Long, a native of Sichuan Province, was tutored by masters Li Keran (1907-1989) and Huang Binhong (1865-1955) and has had a profound influence on Chinese painting. Long was among the first to emphasize the basics of traditional ink-wash painting. His approach has been described as "to strengthen the root and foster the source."

Chinese art should always be rooted in its own tradition and history, he says.

"In the 1980s, with flood of various Western thoughts and art forms, some Chinese called for a total overhaul of traditional Chinese art," he recalls. "I also tried some experimental paintings at that time, but gradually I realized that the revolution in traditional ink-wash paintings is not a thorough abandoning of the past. It is the pursuit of the core and spirit of culture."

Long frequently travels around the country and visits the West on sketching trips.

Shang Hui, a renowned art critic, calls Long's works "very daunting and impressive."

"Long has a rare capacity and is swift in controlling big tableau. I once witnessed Long completing a 7-meter-long scroll on his table without taking a break," he says.

It is usually said that qi or life force in traditional ink-wash painting is difficult to achieve in large-scale works.

Long is an exception and his overwhelming works, some 2x5 meters, are bursting with controlled energy and some use vivid color.
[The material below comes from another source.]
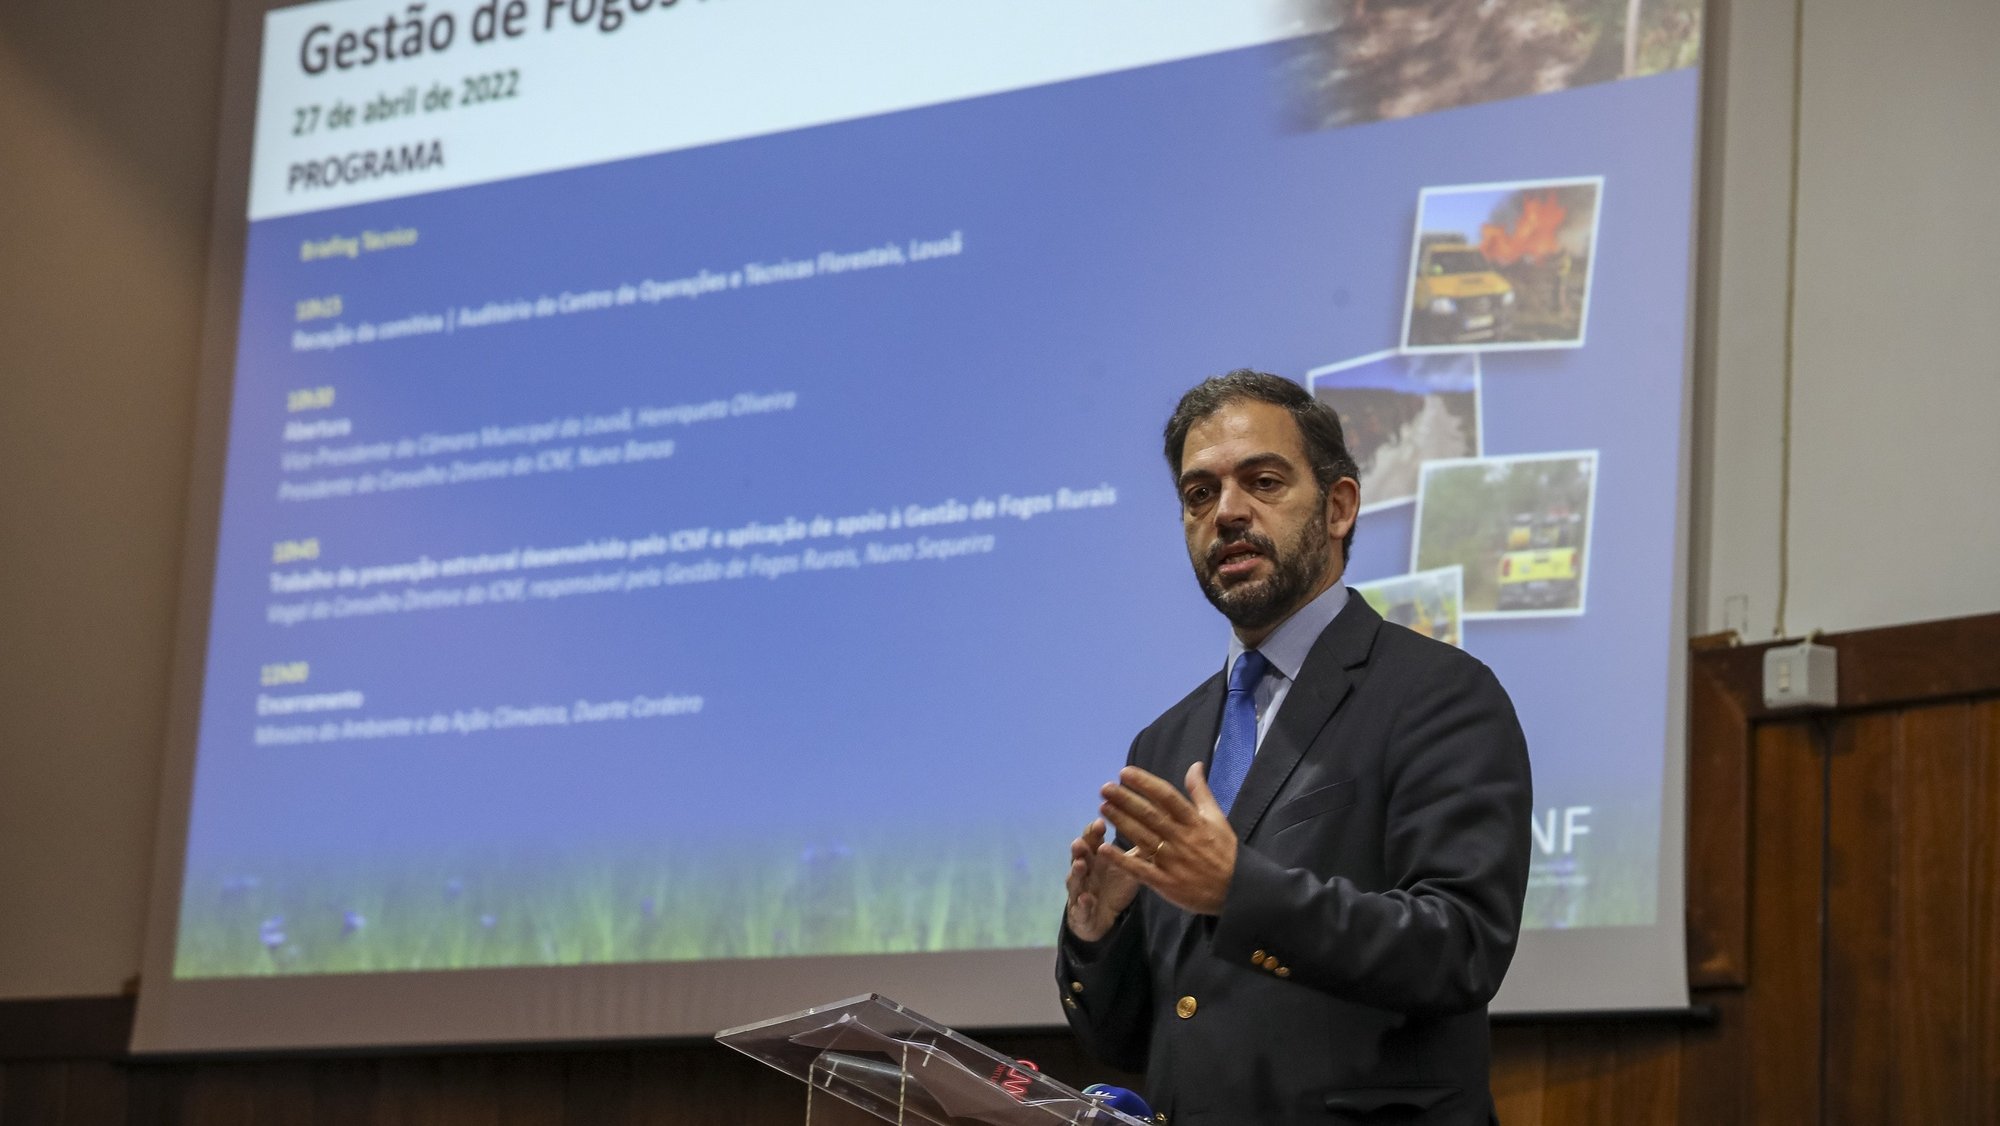 O ministro do Ambiente e da Ação Climática, Duarte Cordeiro, durante a sessão de apresentação do trabalho de prevenção estrutural desenvolvido pelo ICFN e aplicação de apoio à Gestão de Fogos Rurais, no Centro de Operações e Técnicas Florestais, Lousã, 27 de abril de 2022. PAULO NOVAIS/LUSA
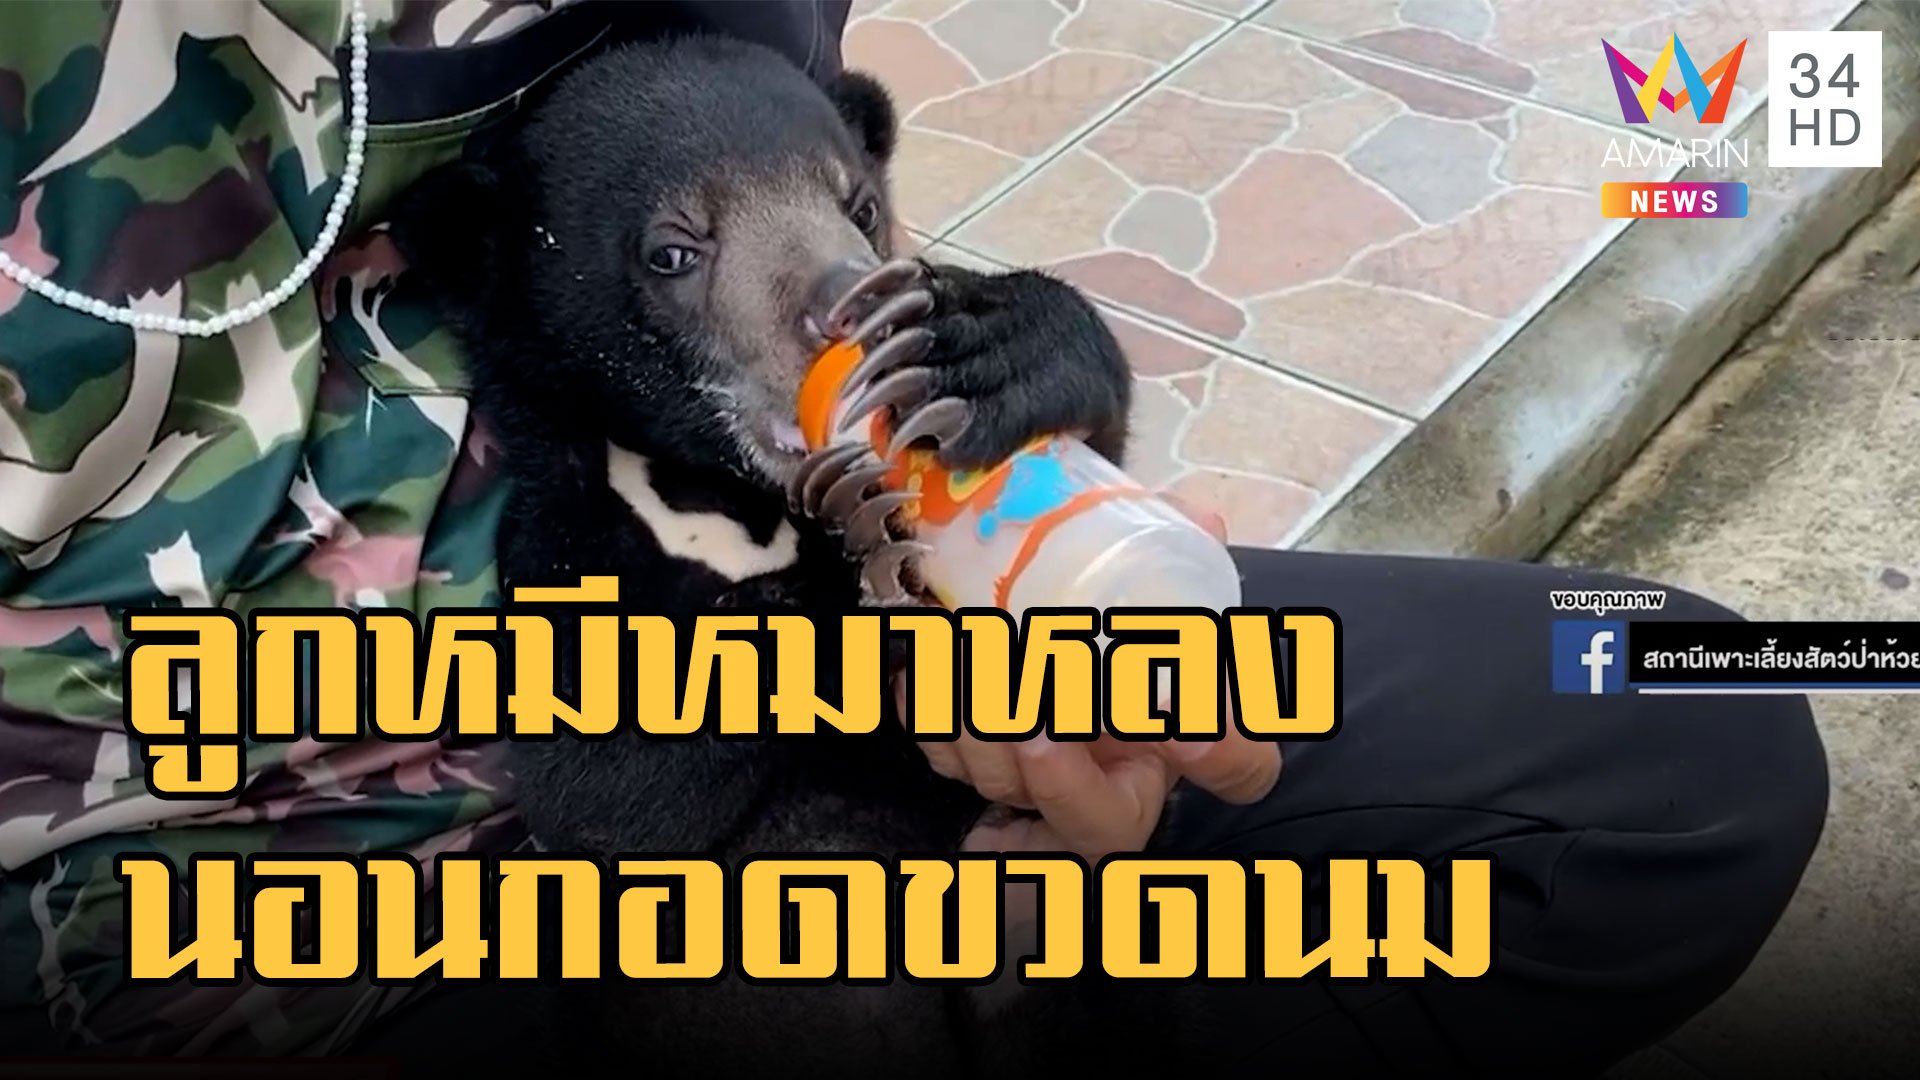 ลูกหมีหมาหลงกับแม่ น่ารักเหมือนคุ๊กตา หิวหนักนอนกอดขวดนม | ข่าวอรุณอมรินทร์ | 14 ก.ย. 65 | AMARIN TVHD34

"That's the impressive part of Long's work," says Liang Jiang, vice director of the Chinese Painting Academy. "I've always said Long's paintings are perfect to hang in a palace or the lobby of a five-star hotel, since his work radiates strong energy and vibrancy."

His landscapes are not poetic or romantic, but grand and masculine.

"I am not simply painting the external beauty of the landscapes," says Long.

"Instead, I want to establish the spiritual garden of Chinese culture, that's the essence of my art. Maybe that's why some people say they find the undying spirit of the Chinese nation in my work."

In addition to Chinese landscapes, Long also depicts Western landscapes and buildings, such as a towering cathedral against a dark blue sky.

"Viewers may find a different ambience. Art has many possibilities. I wanted to have a try and some Chinese brush strokes can only produce Chinese scenes," he says.